I've searched a lot,I know there are similar questions, I've tried some code but it didn't worked. Are there any functions that do this, in QDomDocument?

When I have looked into doing this in the past, it hasn't really been a trivial thing.
QDomDocument and QDomNode
I think you should be able to do it with QDomDocument and QDomNode. Sometimes it is hard to see all the possible functions just on the main page for the documentation of the class, because it can get so much from the abstract classes it is derived from... clicking "lists of all members" shows a complete list.

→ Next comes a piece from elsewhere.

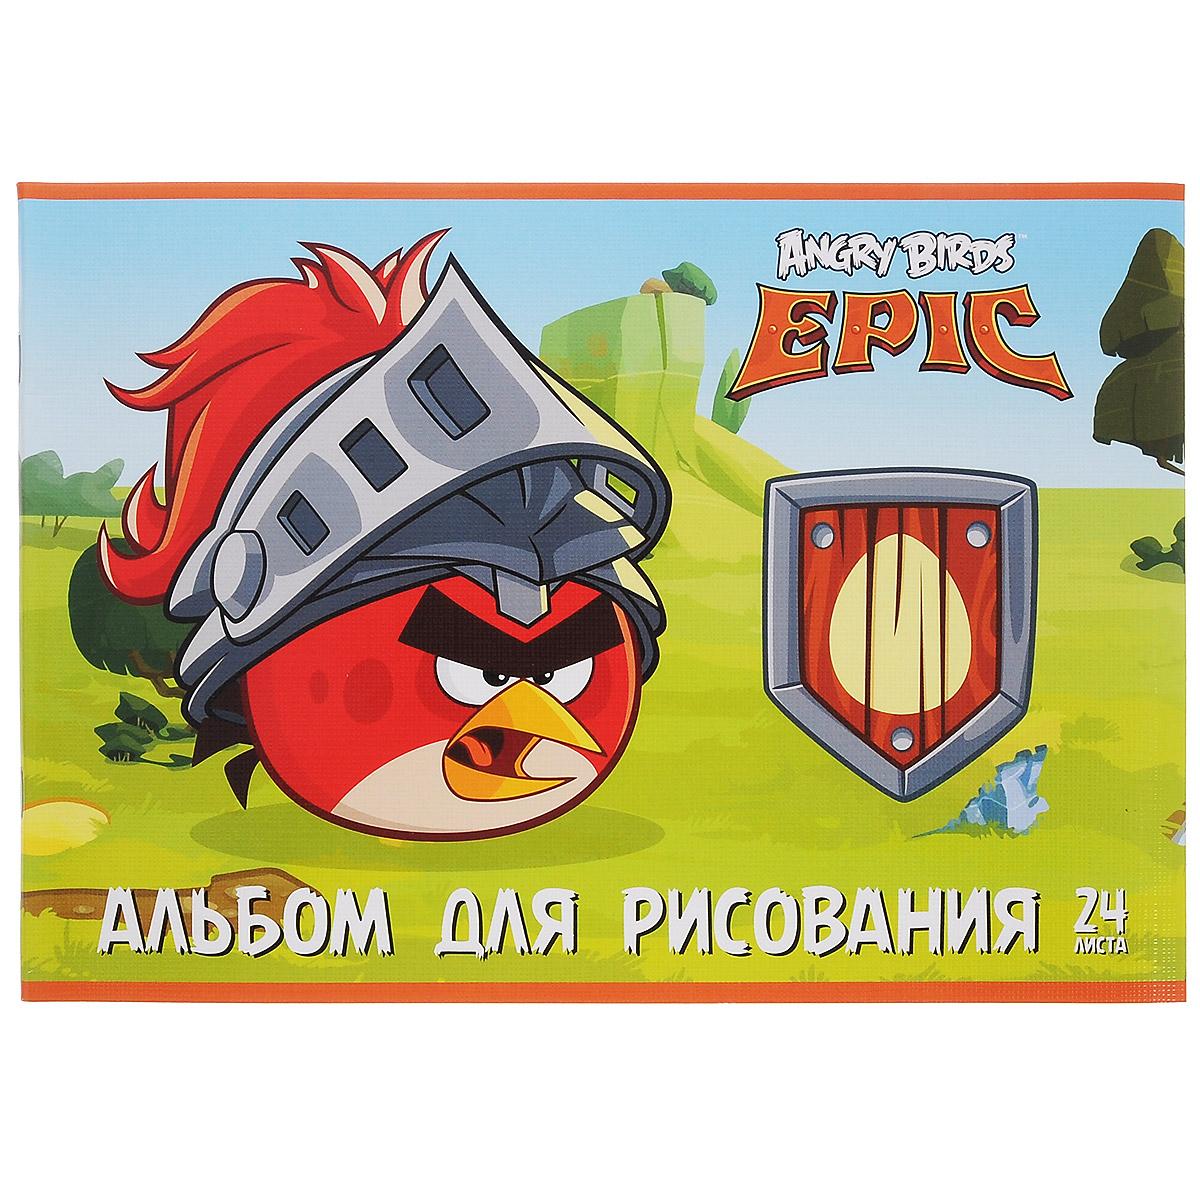 Альбом для рисования Angry Birds Epic Рыцарь, 24 листа24А4тB_13187Альбом для рисования Angry Birds с ярким изображением любимого мультипликационного героя на обложке будет радовать и вдохновлять юных художников на творческий процесс. Бумага альбома отличается высокой прочностью. Обложка выполнена из мелованного картона. Крепление - скрепки. Рисование позволяет развивать творческие способности, кроме того, это увлекательный досуг. Рекомендуемый возраст: 6+.

http://doc.qt.io/qt-5/qdomdocument-members.html
Some calls that look promising include: childNodes elementById elementsByTagName createNode insertBefore insertAfter removeChild.
UPDATE: A working example that shows a straight forward way how to delete and insert nodes on a QDomDocument.

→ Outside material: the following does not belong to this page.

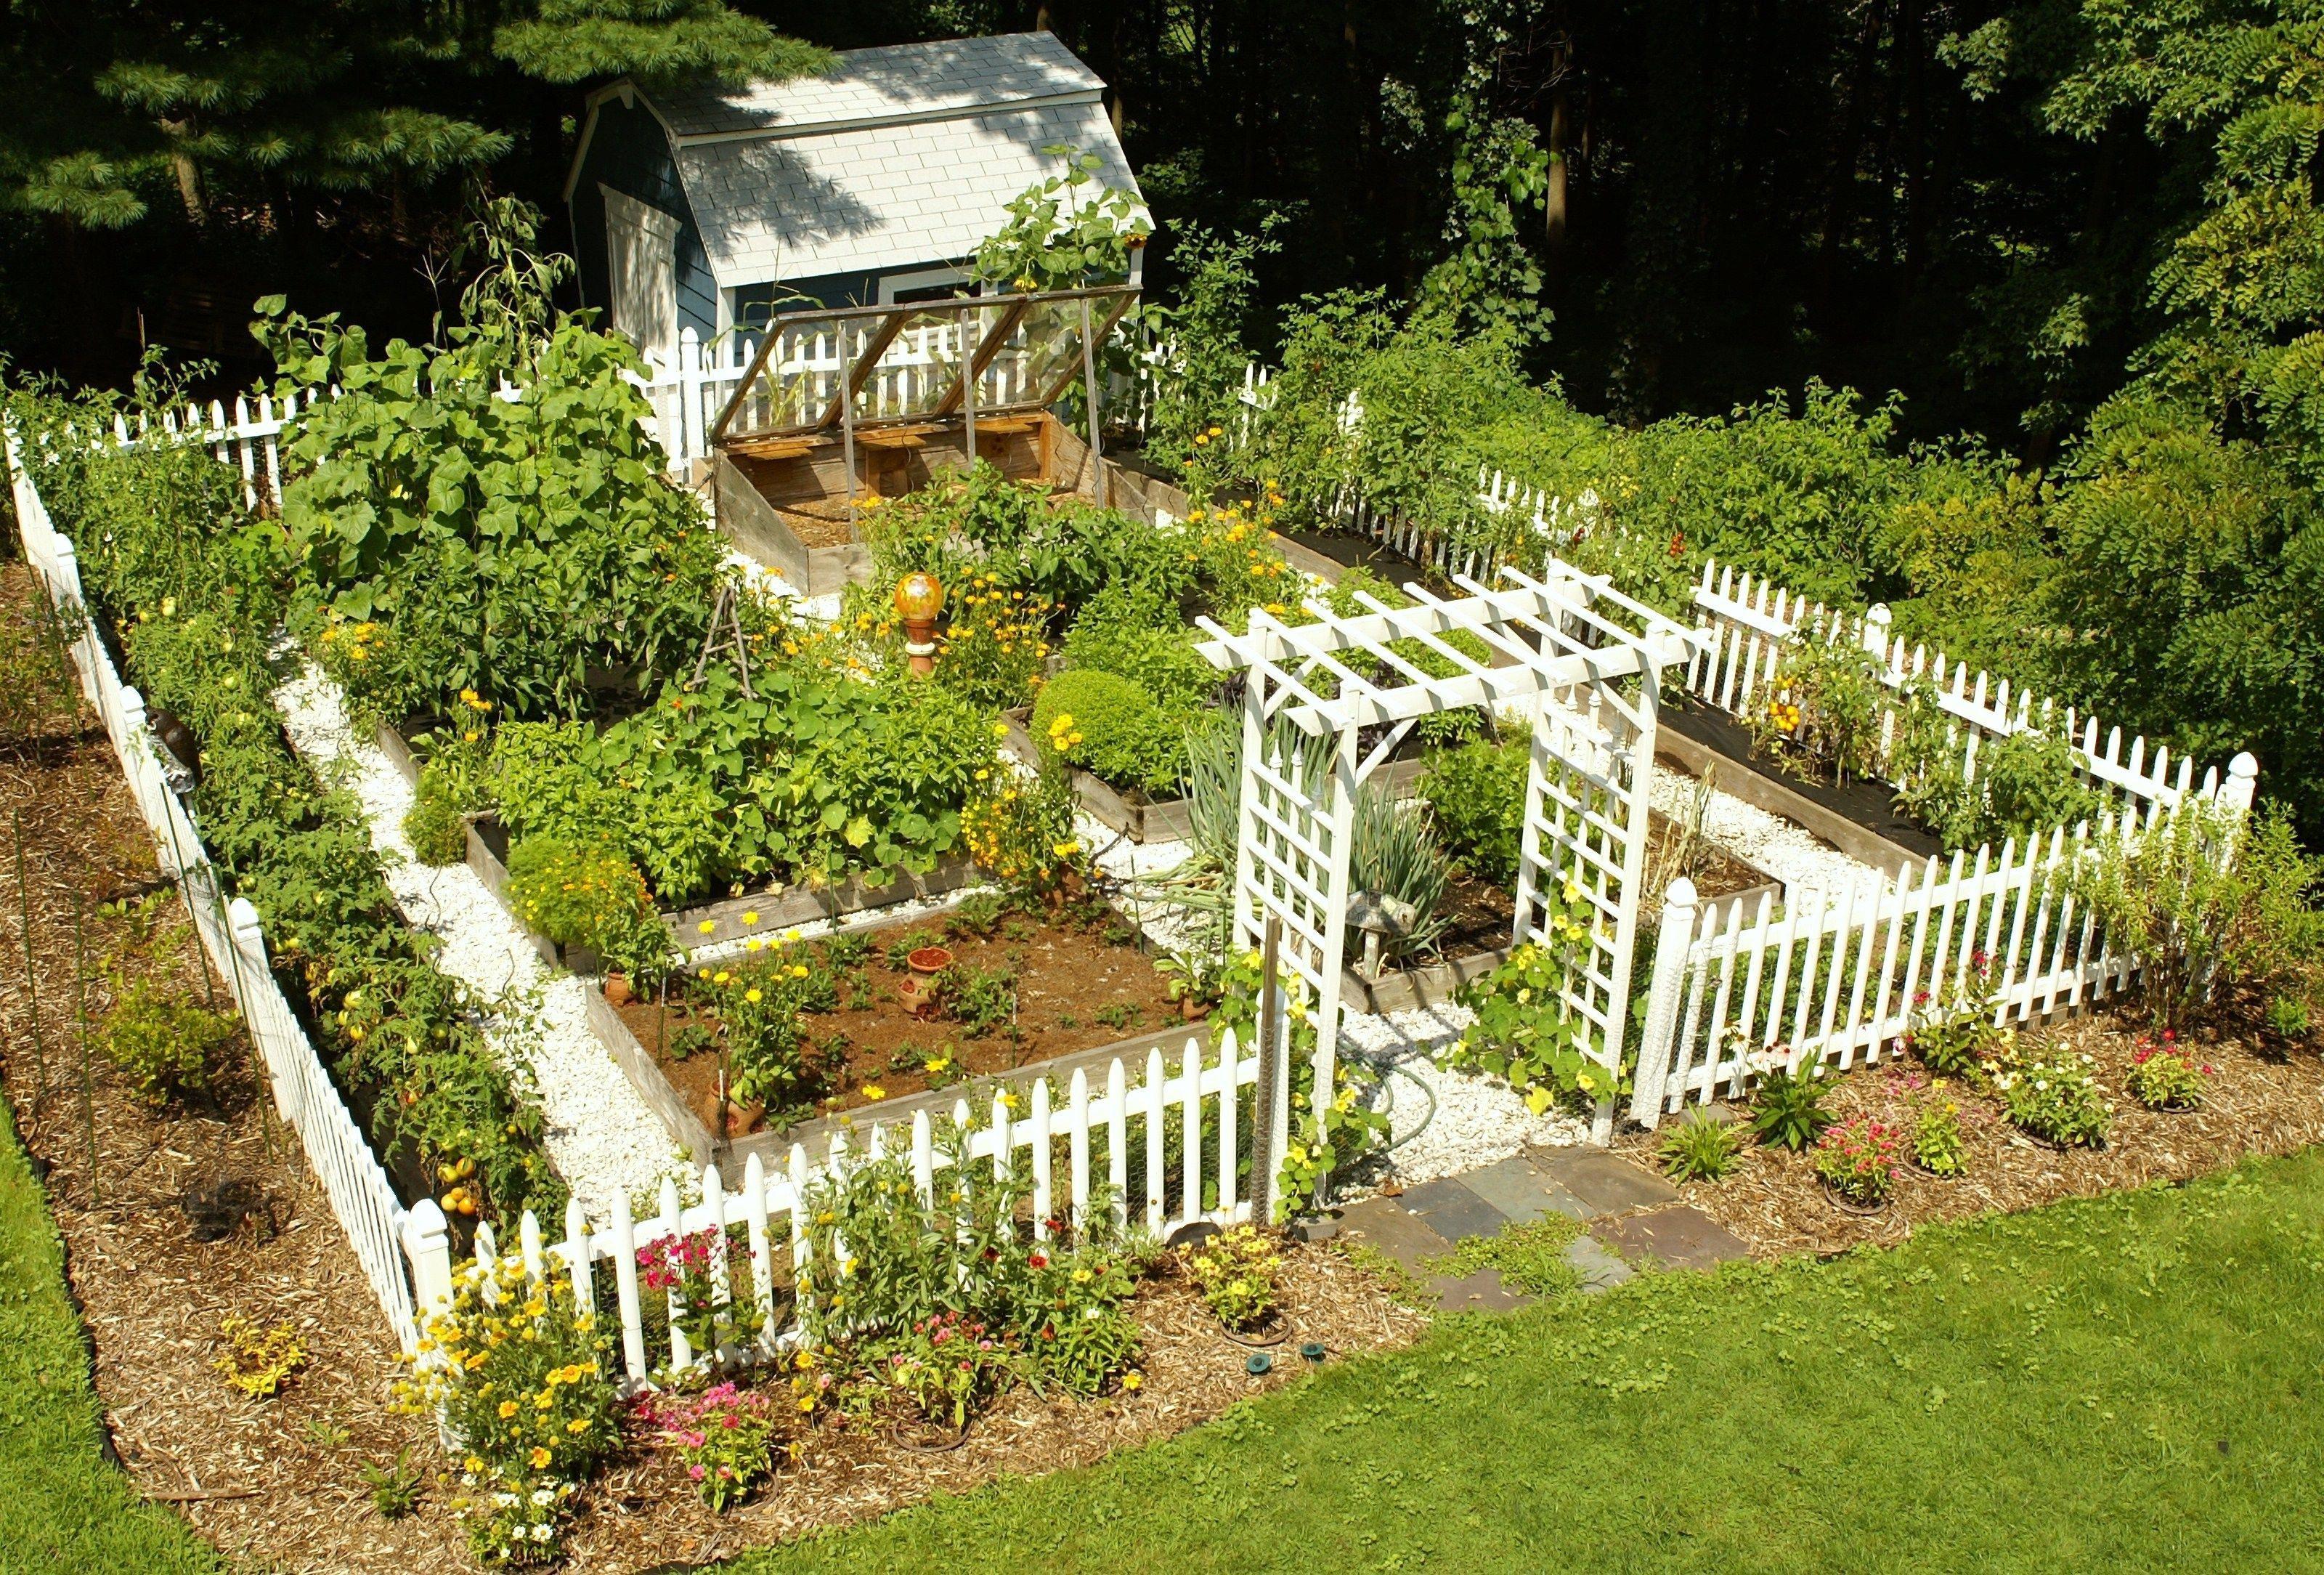 Home vegetable garden design  Vegetable Garden Plan Home Tender Smart Home Vegetable Garden

https://github.com/peteristhegreat/xml_insert_remove
Note, that when adding QDomNodes/QDomElements, etc, every element needs to be created on the document, otherwise it doesn't stay in scope when you leave a function.

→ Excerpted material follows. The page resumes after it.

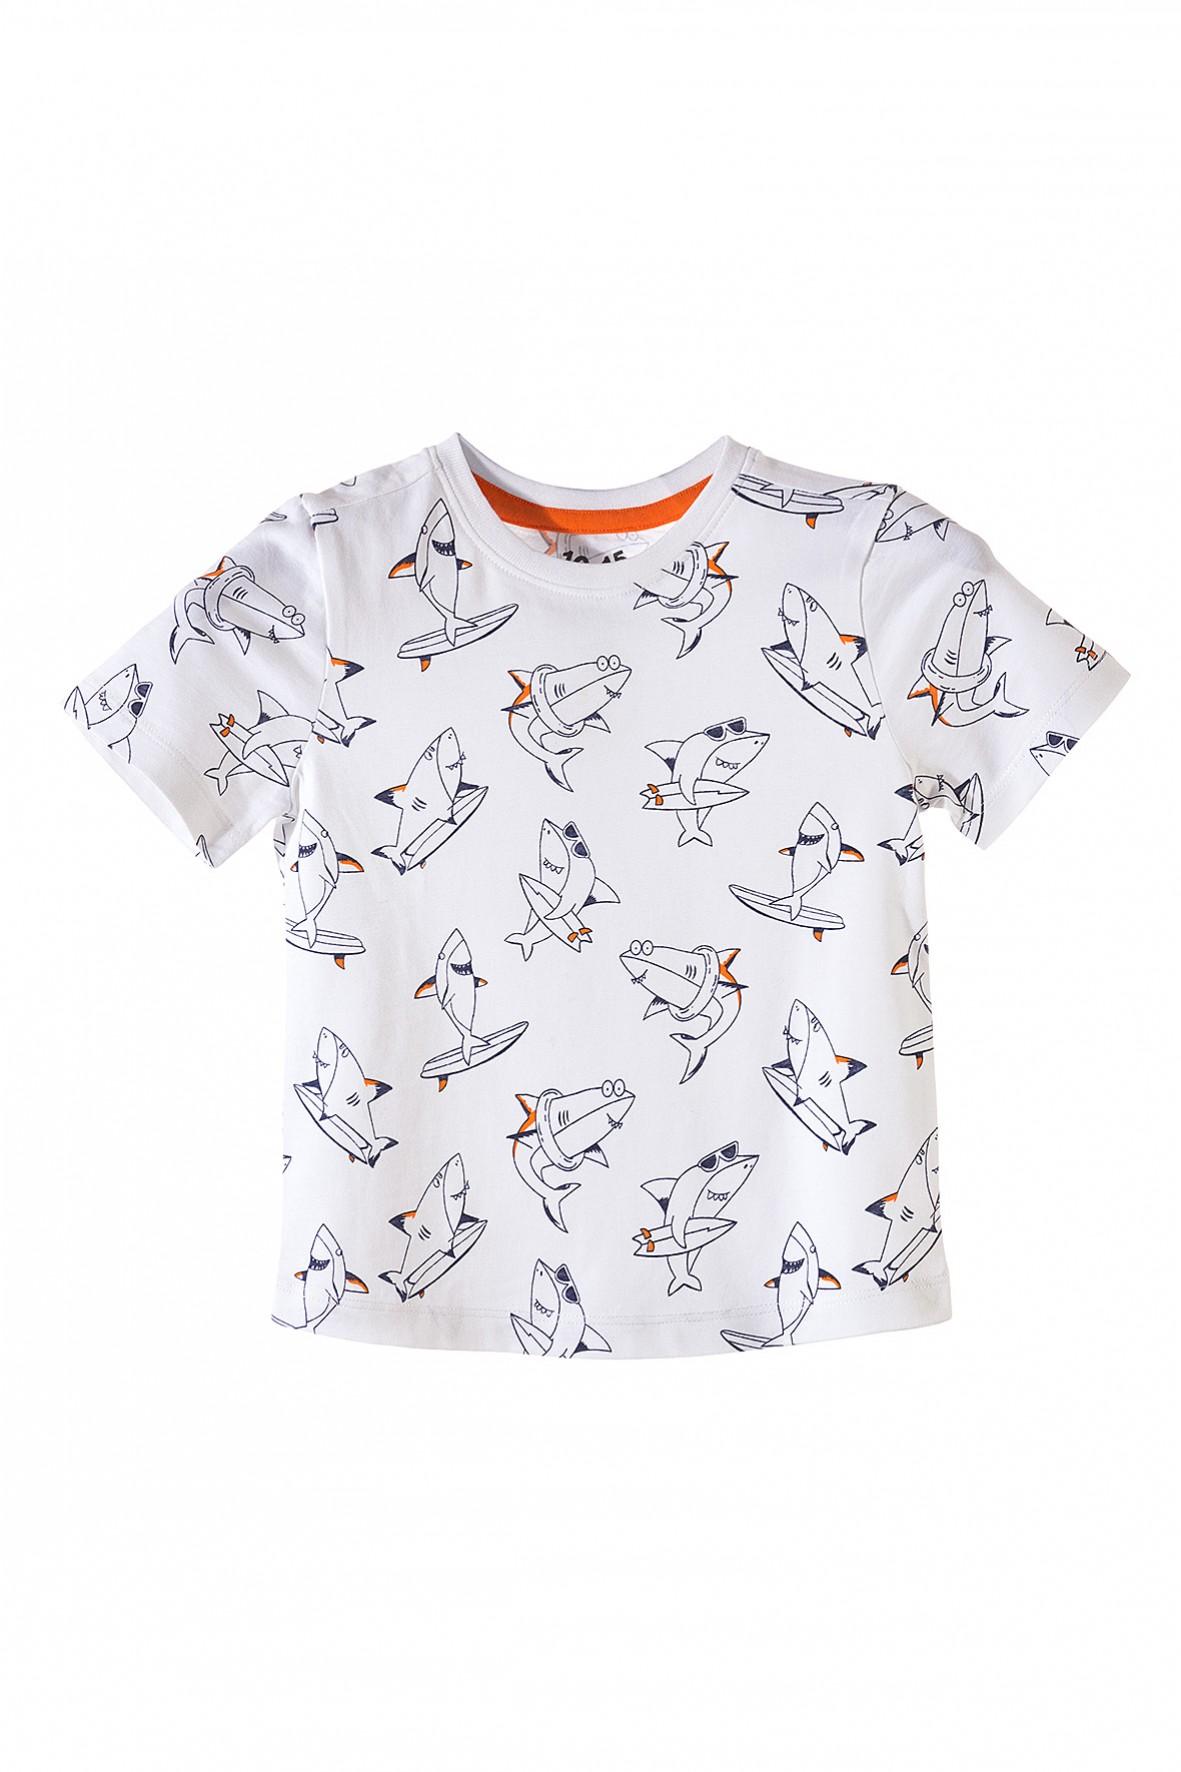 T-shirt dla chłopca- rekiny

QXmlStreamReader and QXmlStreamWriter
A few documents I've seen (a few years ago) said that they highly recommend using the QXmlStream* classes since they are better supported, or have been maintained more recently. I think it has some better error handling and doesn't have to load the whole document to be useful.
So as far as editing the document and resaving it, the most direct way that I know of is to read in everything, and store it as nested C++ classes and then write them out.
QJson Example (similar to QXmlStream*
There is a similar example with Json, that really shows off the power of subclassing a read and a write function into your model.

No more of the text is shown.